LAUSR

p‐Coumaric acid (p‐CA) is a key precursor for the biosynthesis of flavonoids. Tyrosine ammonia lyases (TALs) specifically catalyze the synthesis of p‐CA from l‐tyrosine, which is a convenient enzymatic pathway. To explore novel and highly active TALs, a phylogenetic tree‐building approach was conducted including 875 putative TALs and 46 putative phenylalanine/tyrosine ammonia lyases (PTALs).
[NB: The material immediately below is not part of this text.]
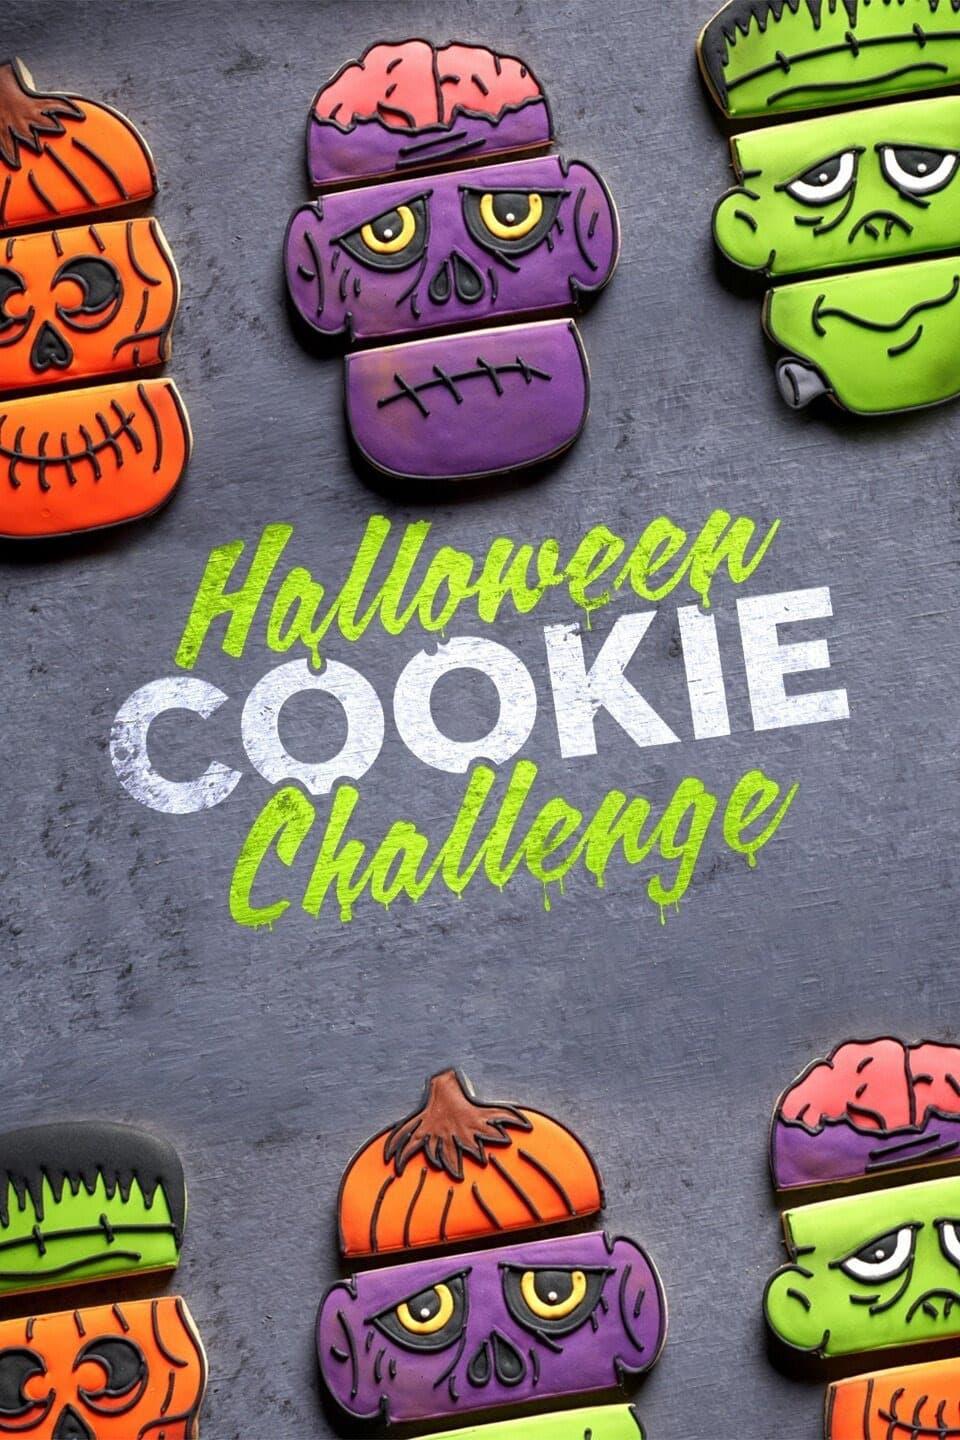 TV ratings for Halloween Cookie Challenge in France. Food Network TV series

Among them, 5 TALs and 3 PTALs were successfully characterized and found to exhibit the proposed enzymatic activity. The TAL from Chryseobacterium luteum sp. nov (TALclu) has the highest affinity (Km=0.019 mm) and conversion efficiency (kcat/Km=1631 s−1 ⋅ mm−1) towards l‐tyrosine. The reaction conditions for two purified enzymes and their E. coli recombinant cells were optimized and p‐CA yields of 2.03 g/L after 8 hours by TALclu and 2.35 g/L after 24 h by TAL from Rivularia sp. PCC 7116 (TALrpc) in whole cells were achieved. These TALs are thus candidates for the construction of whole‐cell systems to produce the flavonoid precursor p‐CA.